Сашка уже давно привык, что его отец на людях и говорит, и ведет себя по-другому, поэтому особого внимания не обращал на его слова. Люди уйдут – отец останется. Какие слова он будет говорить матери и ему после их ухода?

Чем отличается учеба в школе, ПТУ или техникуме? Да почти ничем. Посещать классы, аудитории да еще немного работать — везде это вроде бы обязательная часть обучения. Зато в школе гоняют за сигареты, а в ПТУ или техникум – даже стипендию платят. То есть занимаешься, как и везде, но разница все-таки есть. Экзамены Сашку не запугали. Даже то, что один из них выпадал на пятницу, тринадцатое и билет был за номером тринадцать, его даже не смутило. Много позже он услышал, что это какие-то роковые числа и должны были его в чем-то предупредить и то ли помочь, а может, и наоборот... К тому времени он уже целых полгода был убежденным комсомольцем и верил, что бога, наверное, нет. За экзамены он получил по пятерке плюс комсомолец и характеристики из школы — минимум – просто стипендия, максимум – повышенная.

Сашка был невысокого роста, в меру поджарый, и в движениях и словах себя почти не ограничивал. Не очень опрятные, но зато длинные волосы были покрашены в какой-то сизо-черный, с каштановым отливом цвет и почти сосульками лежали на его плечах и даже за плечами. Какой-то азиатский дервиш, девона, полусумасшедший. Но ему это нравилось – у многих молодых были такие или почти такие прически – мода на «Битлз» еще не прошла, а про хиппи можно было прочитать в журнале «Ровесник».

...Директор техникума был выше Сашки, плотен и лысый, как полированное яйцо. Он подошел к Сашке и мягко сказал, тыча пальцем в его волосяную гордость на голове:

— Первого сентября этого у тебя на голове не может быть. Кстати, как фамилия? Как экзамены сдал? Так вот – с этим, – опять палец-указка, – стипендии тебе не видать. Ни повышенной, ни простой... Даже Ленин такого себе не позволял – так обрастать...

Сашка, конечно, понял, что директор имел в виду маленького Ленина с октябрятской звездочки. Там пацан действительно слегка подзарос и даже был кудряв.

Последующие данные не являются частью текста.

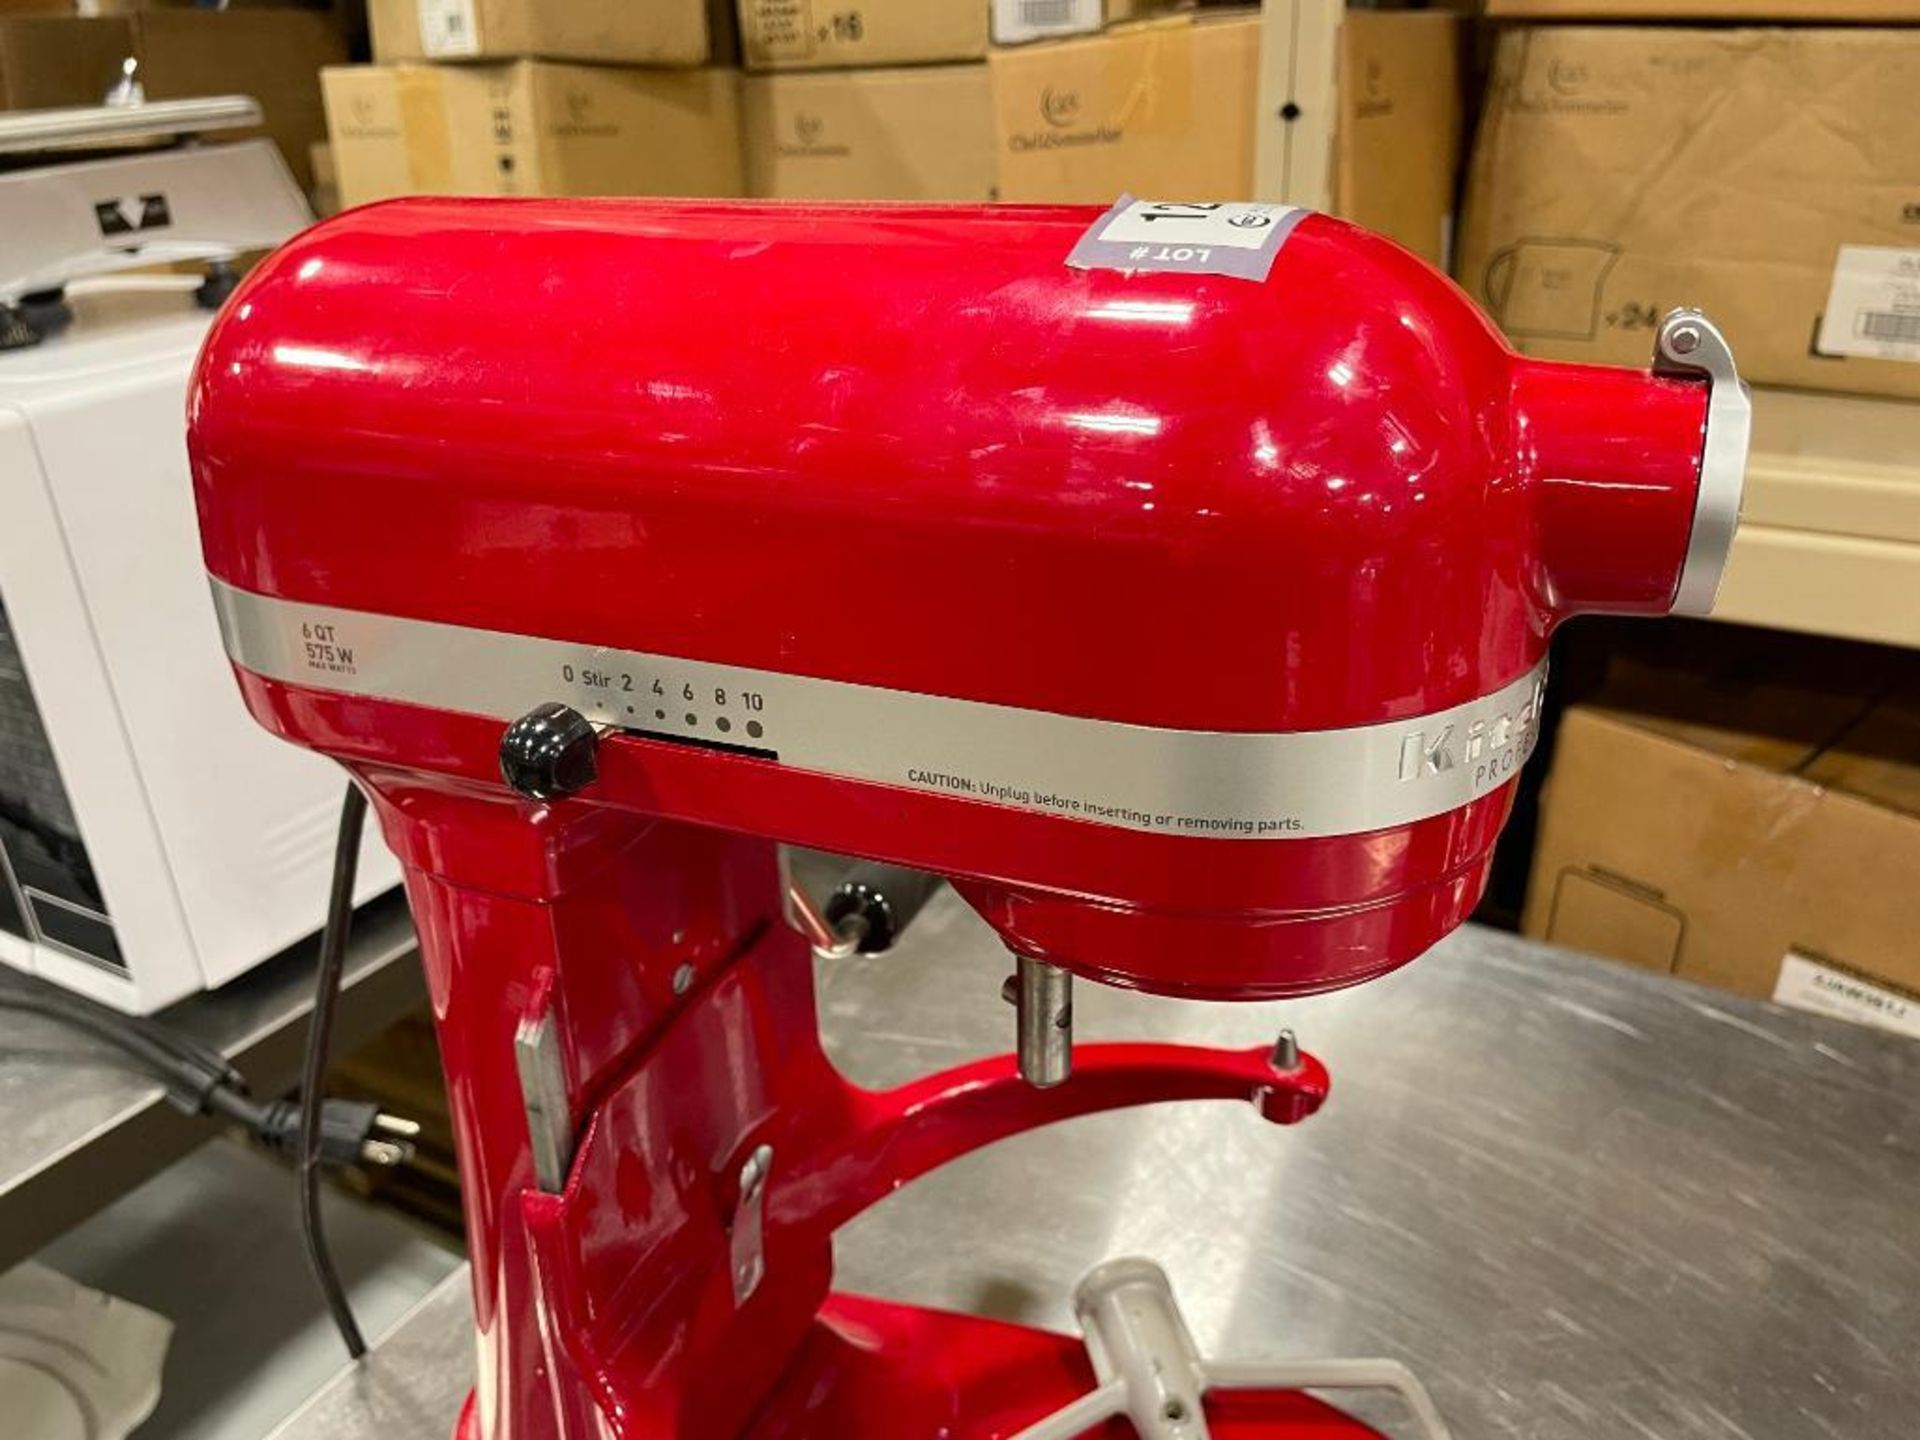 KITCHENAID PROFESSIONAL 600 SERIES 6-QUART BOWL-LIFT STAND MIXER WITH ATTACHMENTS - Image 2 of 12

... Первого сентября в аудиторию распахнулась дверь, и вошли куратор и директор. После краткого энергичного поздравления директор, уже на выходе, назвав Сашкину фамилию, бросил: «А стипендию его отдайте кому-нибудь другому». С тех пор Сашка, даже уже будучи Александром, никогда не спорил с лысыми и другим не советует. Может, они просто из зависти к волосатым могут поступить так нелогично, а может есть некая тайна, заговор? Он, конечно, потерю стипендии переживал – даже в этот же день побрился наголо и на следующее утро у директора услышал, что действительно, молодец, только уши торчат, — а стипендия – после сдачи сессии. Целых полгода мать как-то выкраивала эти двадцать рублей, чтобы отец мог их бросить в общестроительный котел.

...Учиться было не труднее, чем в школе и поэтому, когда он стал получать повышенную стипендию, то особого фурора она не произвела. Ему нужны были деньги – другим, может быть, тоже, так для этого нужно было просто учиться лучше. Ему очень нравилось быть на занятиях – другим нравилось меньше, некоторые вообще прогуливали. Последних он просто не понимал. Для чего нужно было поступать — чтобы потом сбегать и пропускать занятия? Тридцать рублей – много или мало? Мать за месяц получала шестьдесят, отец – сто восемьдесят. Без его стипендии — двести сорок рублей на пятерых. Так что деньжищи были немалые. За пять рублей можно было снять почти апартаменты, проживание в общаге стоило пятьдесят копеек за месяц. Трехразовое питание по студенчески – полный чайник чая за пятак, жирная, горячая лепешка — за гривенник, всю за раз все равно не съешь, оставалась на обед, кстати, чай можно было разбавлять до прозрачности. Просто он после второго раза стоил три копейки, а после третьего – чайханщик выгонял. Так что после правильных расчетов оставалась еще куча денег, например, комнату снимают на троих, а живут человек шесть-семь. Нелегалы приходят тихо-тихо и уходят рано-рано.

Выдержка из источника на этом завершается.